Review by © Jane Freebury

It was an inspired decision by French authorities to allow eccentric German filmmaker Werner Herzog exclusive rights to make a documentary of the underground trove of prehistoric art in Chauvet Cave. The cave paintings, discovered only recently in 1994, have had to be closed to the public so they could be preserved. This doco creates a rare record of late stone-age artwork that was executed with astonishing skill, and Herzog adds a further dimension, in his own inimitable style.

After all, this is the director who brought us Fitzcarraldo, Aguirre: The Wrath of God, Rescue Dawn and Grizzly Man, with stories of people who attempt the impossible. During his long and prolific career in feature films and documentaries, he has taken us on many journeys with individuals hell-bent on a private heroic, and even wacky, quest. Clearly there’s something heroic about this time-travel into the past at Chauvet for him too.

The Chauvet chambers are a natural limestone cave system extending 400 metres underground. They were used by people in Upper Palaeolithic times and then became sealed in a rock slide that has kept their contents in pristine condition for millennia. It created a perfect time capsule for the paintings and drawings, considered to be around 32,000 years old, of bears, ibexes, wolves, panthers, rhinos, hyenas, and cave lions and other animals now extinct.

We accompany Herzog and his small team into the same dim and shadowy world that the stone age cavers would have known. Herzog’s imagination takes flight. One of the images is of a bison with 8 legs, and there’s a rhino with multiple horns. Was it an attempt to show movement? Proto cinema?

I wonder whether the undulating limestone walls were like the flanks of animals to those early people. Who was that artist with the distinctive crooked little finger who left his signature all over the place?
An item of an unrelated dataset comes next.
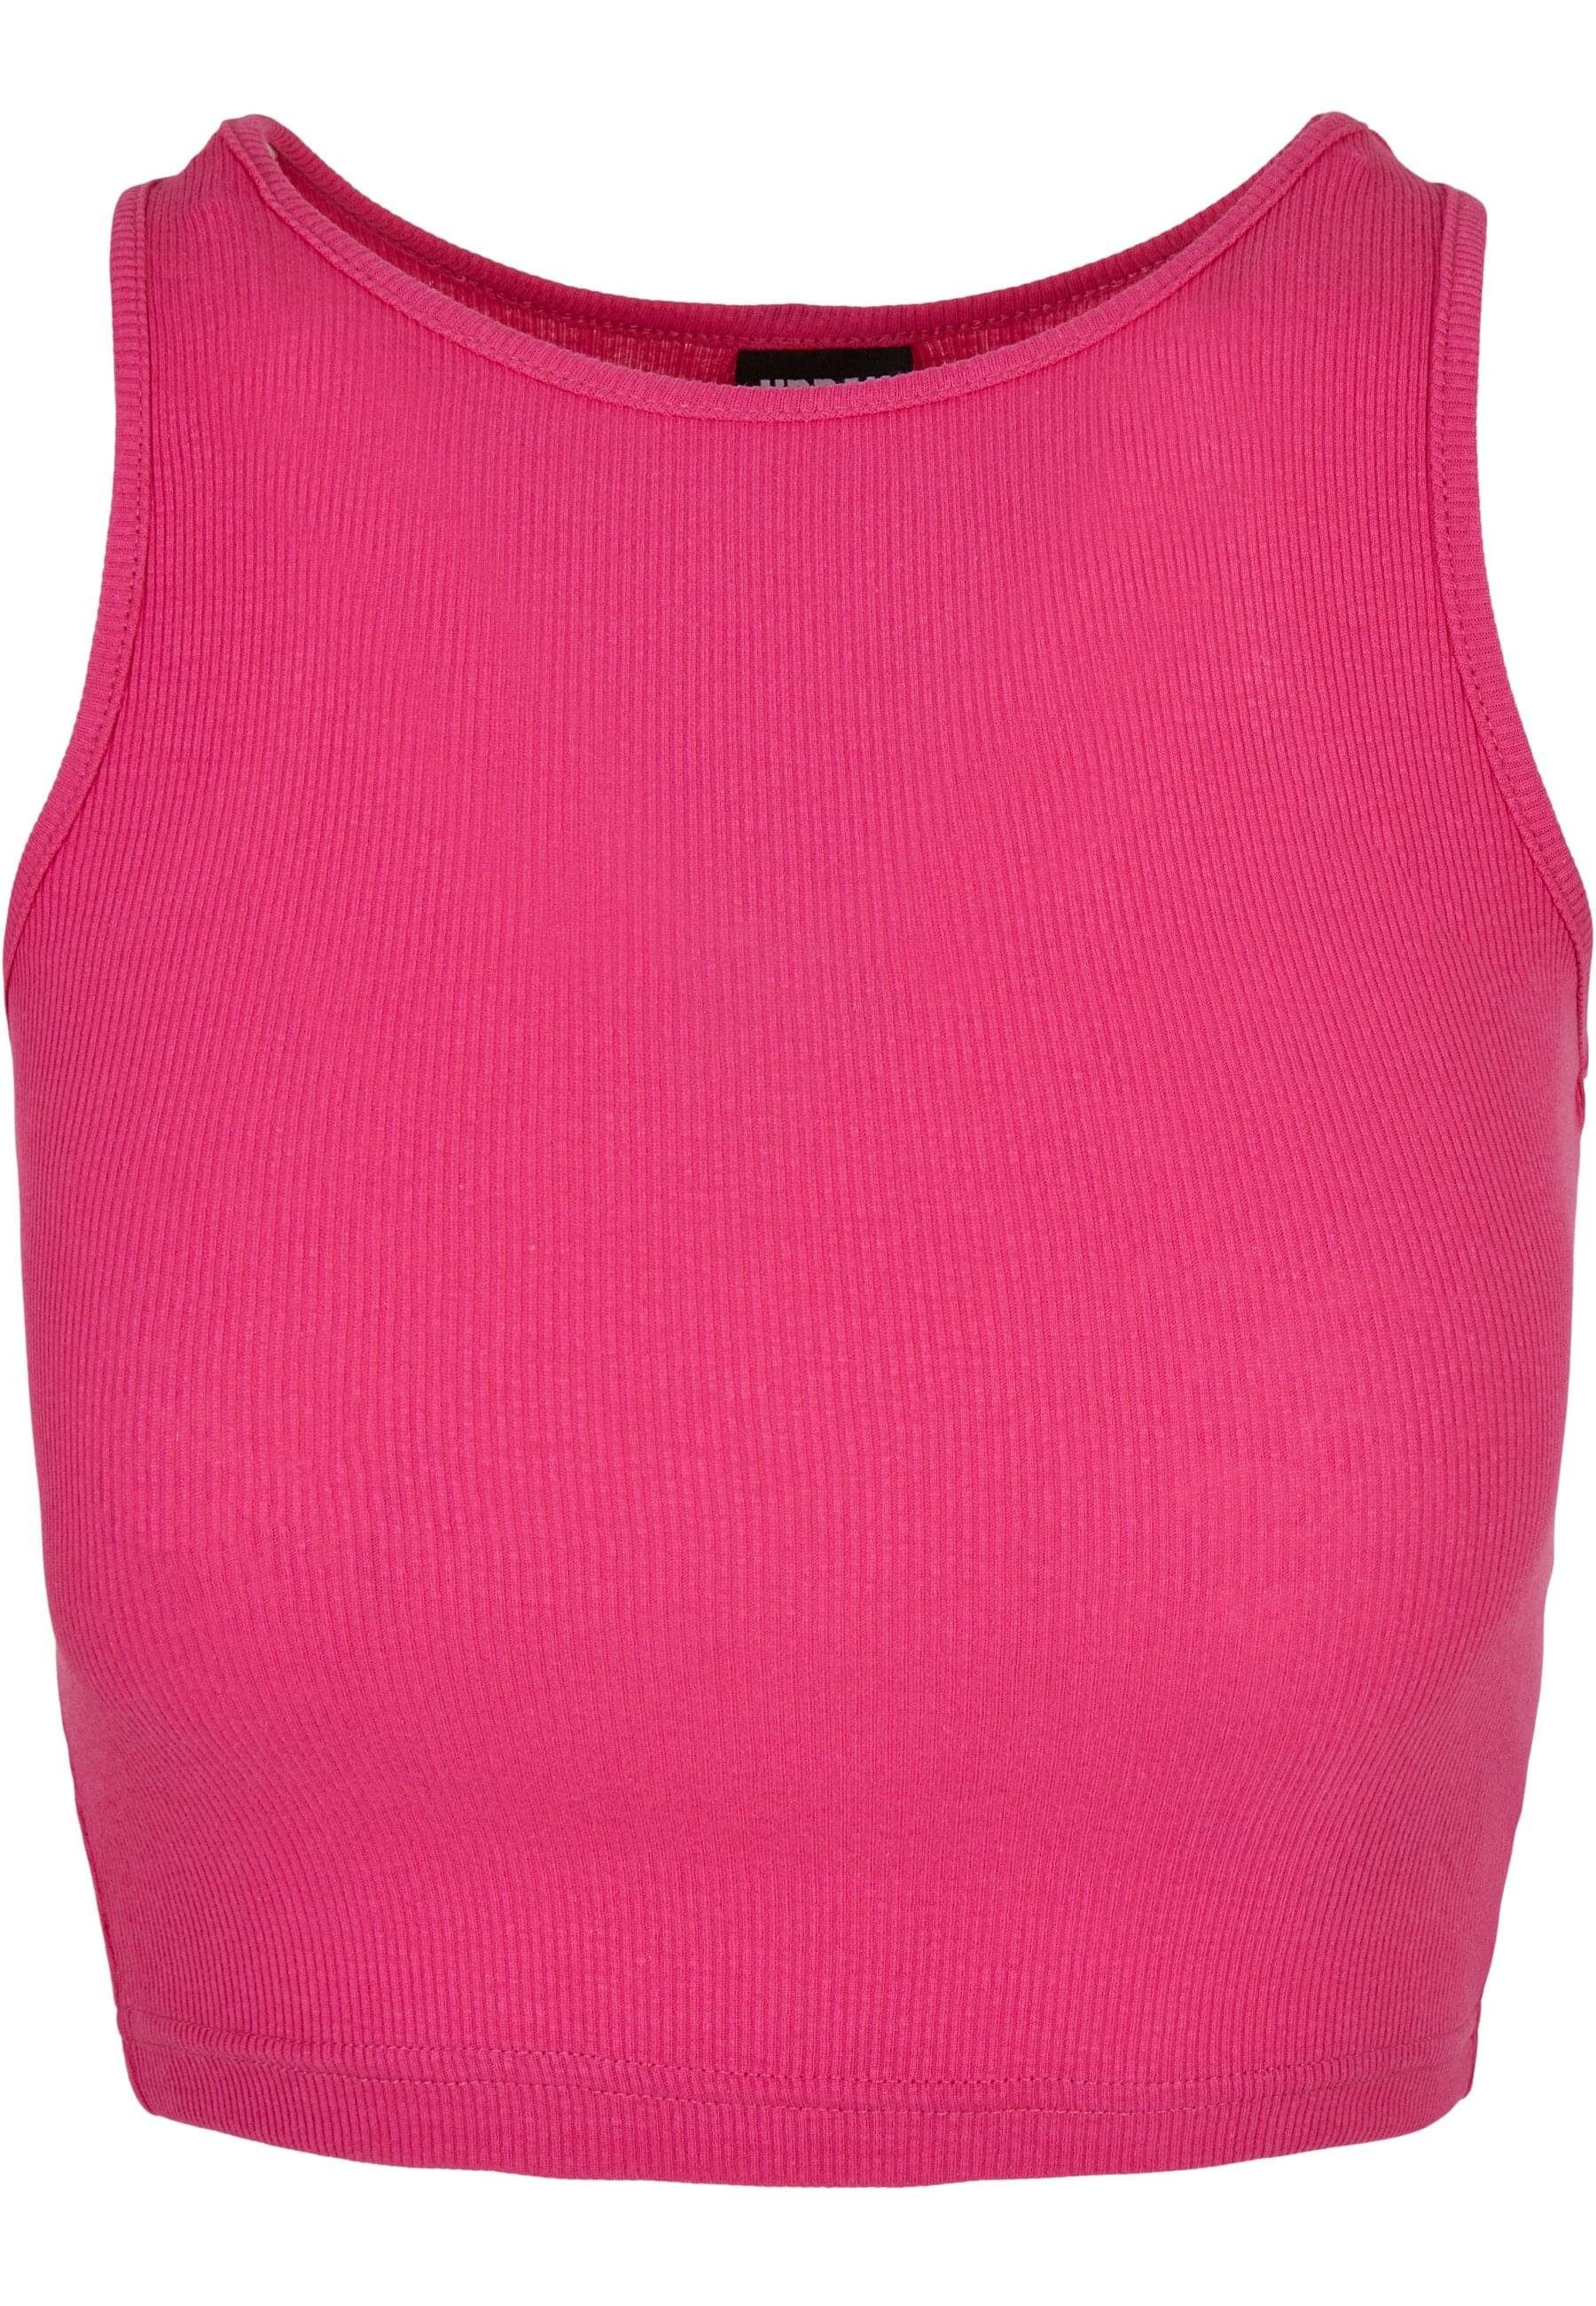 URBAN CLASSICS T-Shirt Damen Ladies Lace Up Cropped Top (1-tlg), Bietet  Bewegungsfreiheit und Belüftung für den Oberkörper

He (no one wonders whether it was a she) had the sure and confident hand of a Picasso or a Matisse.

Herzog has filmed it all in hand-held 3D. Since seeing Wim Wenders’ Pina in 3D, it seems to me the only way to shoot dance performance now and the technology also seems ideally suited to exploring underground caverns. And, though it seems a bit profane to mention it in such rarefied company, the only good thing about the recent action-adventure caving movie Sanctum, was its 3D.

Herzog seems to wander a bit off-course towards the end, especially where he gets caught up with a master perfumer, the circus juggler turned archaeologist and some albino crocs. But we expect that of him. It wouldn’t be a Herzog film without a few unusual characters and the filmmaker asking some big existential questions.

In a capsule: A trip in 3D down the Chauvet limestone cave system in France which contains prehistoric paintings and drawings of astonishing skill. Werner Herzog guides us in his inimitable style through the oldest art gallery in the world.